Collected data START

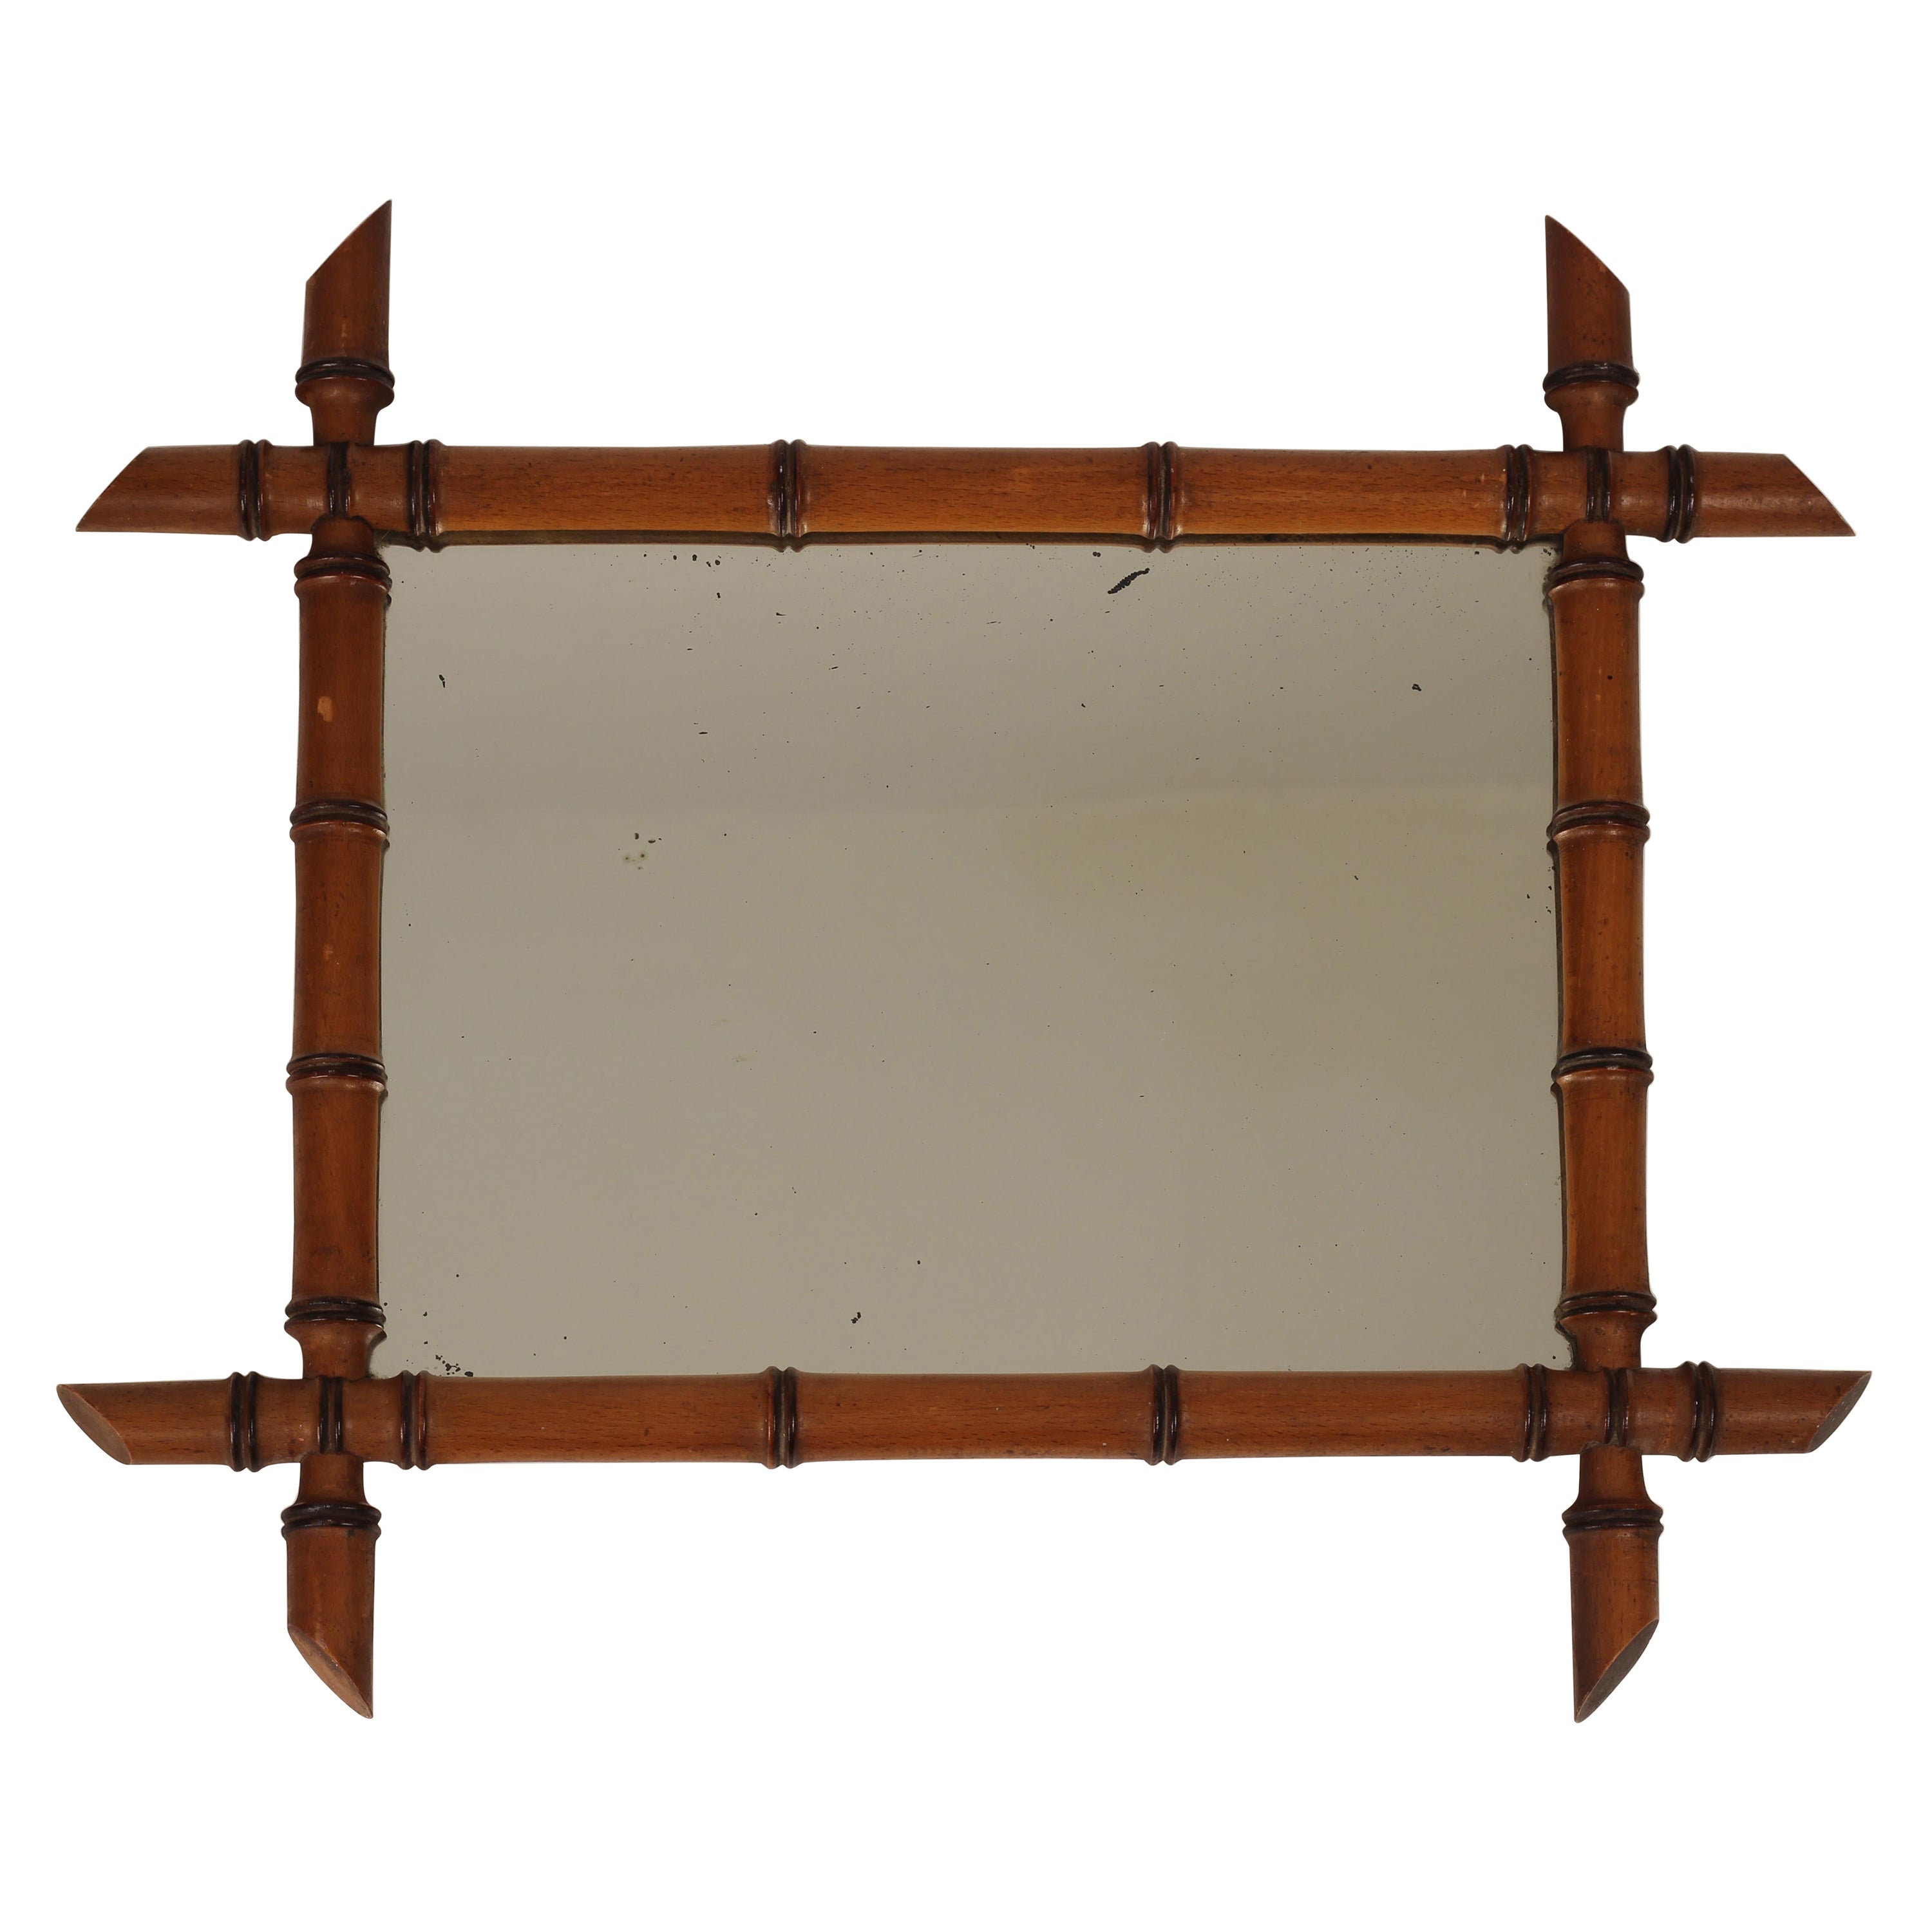 Spiegel im Boho-Chic-Stil mit Rahmen aus Kunstbambus und Walnussholz, hergestellt in Frankreich Mitte der 1800er Jahre
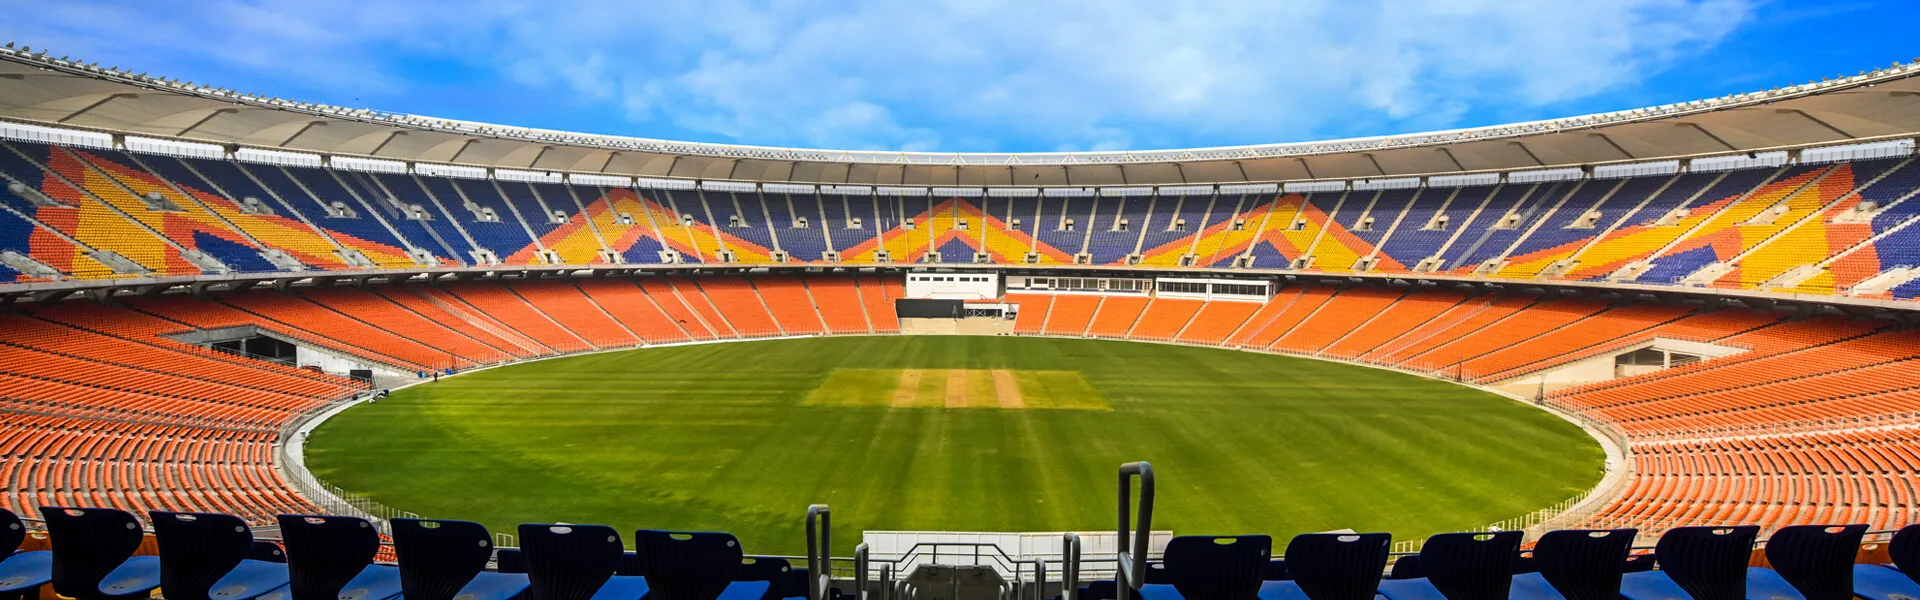 Narendra Modi Stadium in Ahmedabad is the largest stadium in India.  
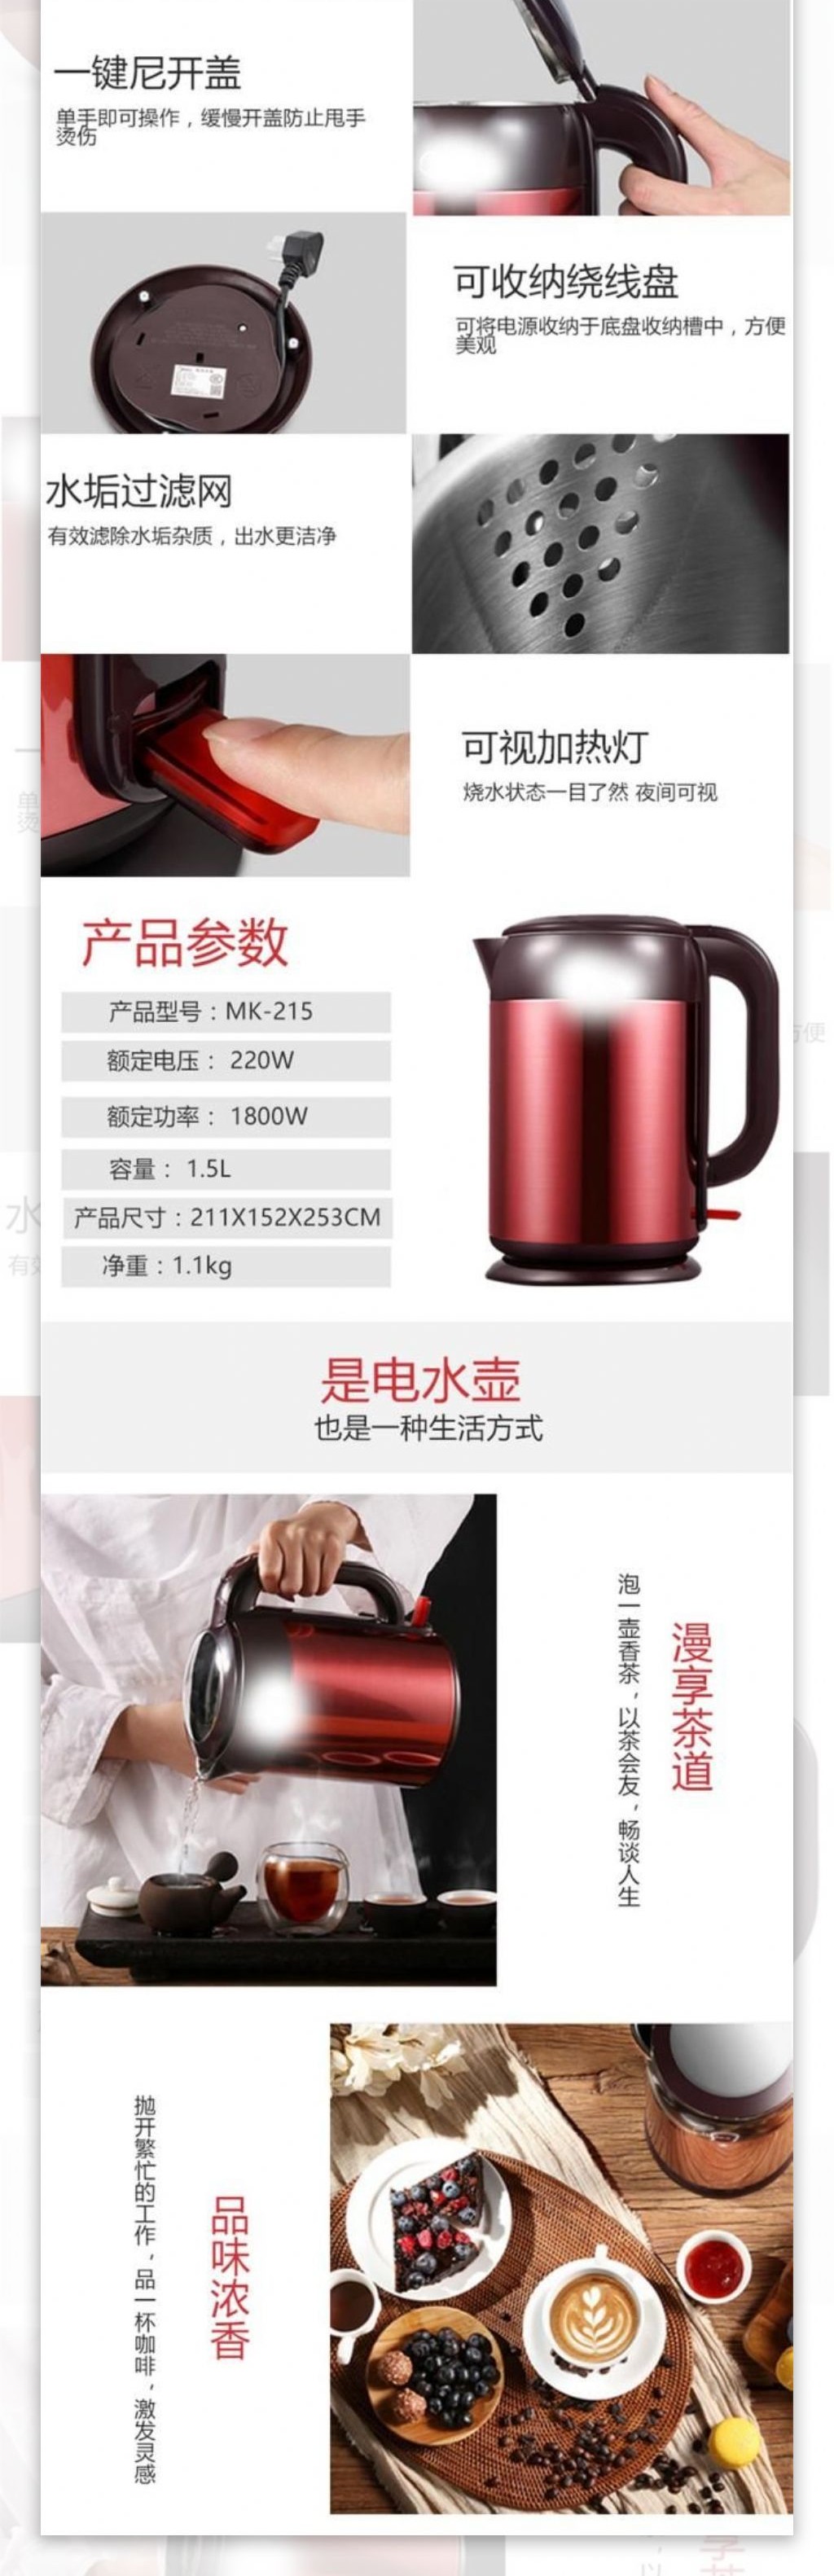 紫红色居家电器柠檬茶不锈钢电热水壶淘宝详情页

Collected data END

Task requirements:
Every line between the one containing "Narendra Modi Stadium" and the end of the listing, both included, needs to be retyped exactly, minus the pictures.

Answer box:
 Narendra Modi Stadium in Ahmedabad is the largest stadium in India.  
 紫红色居家电器柠檬茶不锈钢电热水壶淘宝详情页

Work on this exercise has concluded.